John was born in Belfast in 1838. Ten years later, at the height of the Irish famine, he left with his family and arrived in New York on the Nelson Village in 1848. His mother Martha gave birth to baby Mary at sea. In the census her birthplace is always listed as "born at sea" or "on the seas." An odd thing about John is that in every census he changed the birthplace of his parents. Sometimes he said Ireland, sometimes England and sometimes he said Martha was born in Scotland. The family were Scots-Irish Presbyterians from Northern Ireland. The Calverts went to Erie, Pennsylvania, settled on a farm that I think was rented. John's father Thomas went to work in a foundry and farmed. Five to seven years later the family headed for Wisconsin. The 1850 census finds them in Pennsylvania but they probably left for Wisconsin in the mid-50s. The family expanded from four children who arrived in 1848 to around a dozen by the 1860 census. John was gone from home by then. He headed south down the river working as a farm laborer.

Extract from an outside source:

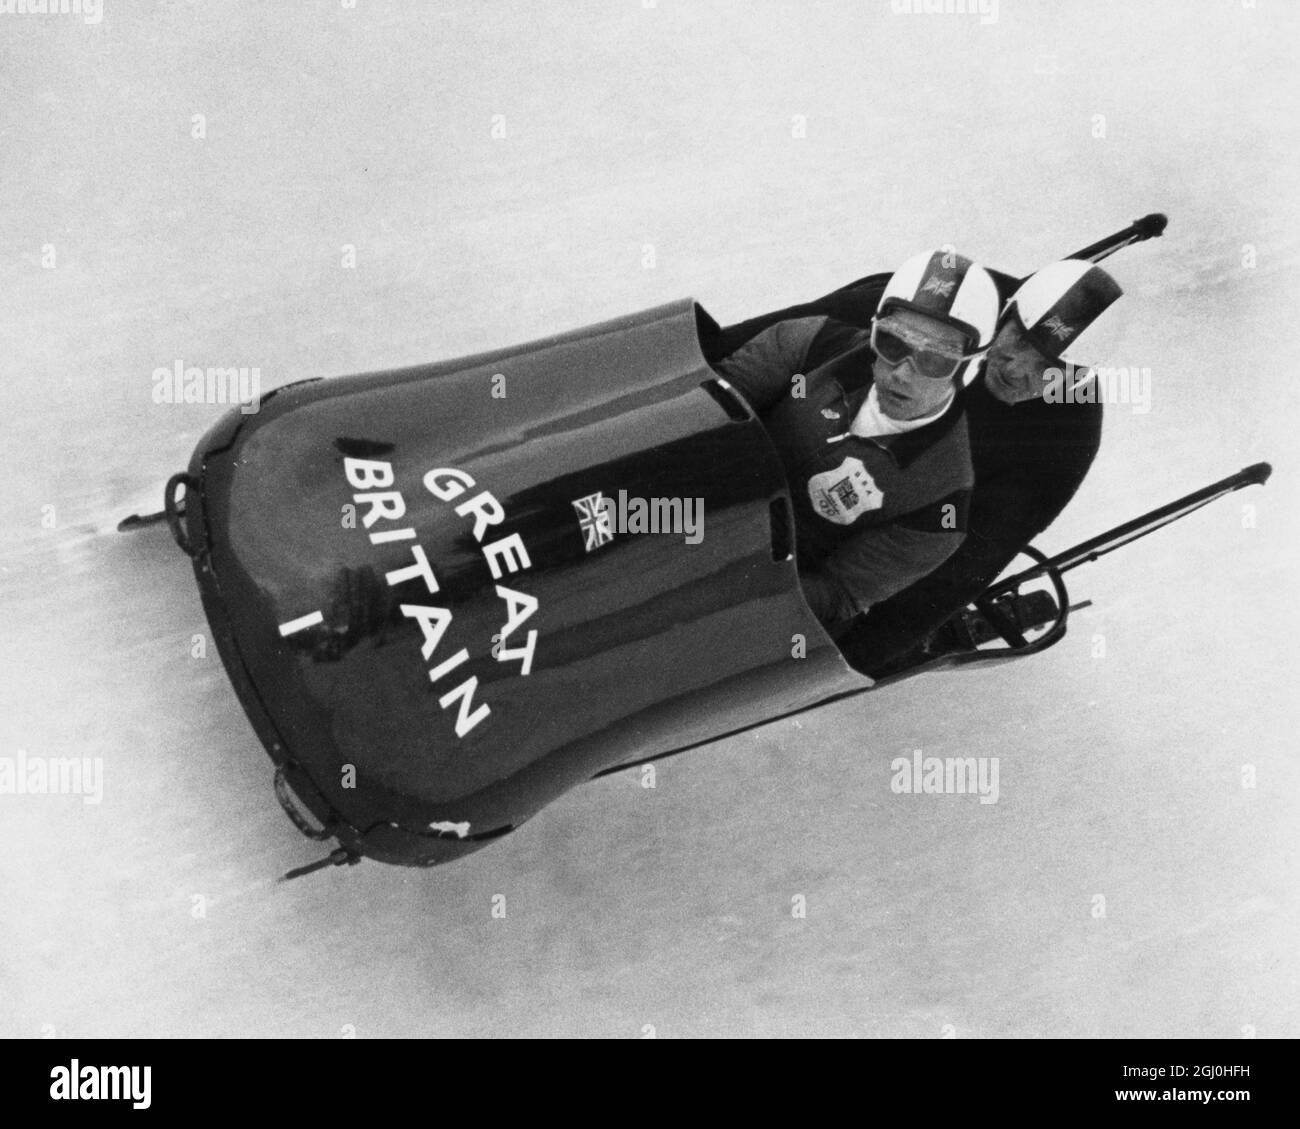 1964 Winter Olympic Games - Innsbruck, Austria Britain's No. 1 team Antony Nash (pilot) and Robin Dixon hurling down the bob run at Igls when the team won a gold medal for Britain - Britain's first gold medal in the Winter Olympics for 12 years. Britain's last gold success was by Jeanette Altwegg in the women's figure skating.- 3 February 1964 ©TopFoto Stock Photo

John Calvert married Mary Emma Gillam in Illinois on February 17, 1862. Ten days later he joined the 10th Illinois Cavalry, Company L in the Civil War. He was with the regiment until June of 1863. John Calvert saw action from the river (by which I always mean the Mississippi), to southwest Missouri and then east to Little Rock. He did not re-up with the company when they went to police New Orleans after Lincoln's assassination, but he was in the Illinois regiment at a time when they were sorely under- supplied. He likely had only a bayonet, but a pistol if he was lucky. The 10th Illinois Cavalry lost 290 men during its time fighting to preserve the Union; 262 of them died of disease.
After the war John lived with Emma until her death in 1886. They farmed in Illinois and later in Saverton. He married young Agnes in 1887.
John lived to be in his nineties. The photo here may look very "American Gothic," but I like to look at the detail in the photo. The rack for hanging fish or small game, John's coat with the short sleeves, Agnes' apron. I met a distant cousin through my research. She still lives near Saverton. Her mother was married to Agnes' youngest brother. Each year they would go to John and Agnes' farm to pick strawberries and asparagus. The strawberry patch was situated on the banks of the river. A bumper crop of strawberries and asparagus tells me that John or Agnes or both were good gardeners; asparagus and strawberries take years of careful tending to be well established. Their life was likely not an Eden. They, like most family farmers, probably struggled every year to make a go of it. The garden, river and woods kept them fed even in tough times. The farm was sold by one of Vince's brothers, Mark I think, after Agnes died. These Calverts were farming at a time when family farms were seriously starting to dwindle. Though John's family were newcomers to the rural midwest, Agnes was one in a long, long history of Shrum farmers in the Mississippi river valley. Her ancestors began tilling the black river bottom soil in 1799 at Cape Girardeau; before Napoleon got the Louisiana Territory from the Spanish. That is very early for Euro-Americans to be in the river valley or anywhere in the Midwest. It means a lot of strawberries and asparagus, catfish suppers and autumn game. It means many good and bad corn harvests and a long line of family cows, hounds and babies. I know little more of these great grandparents yet, but I can feel them.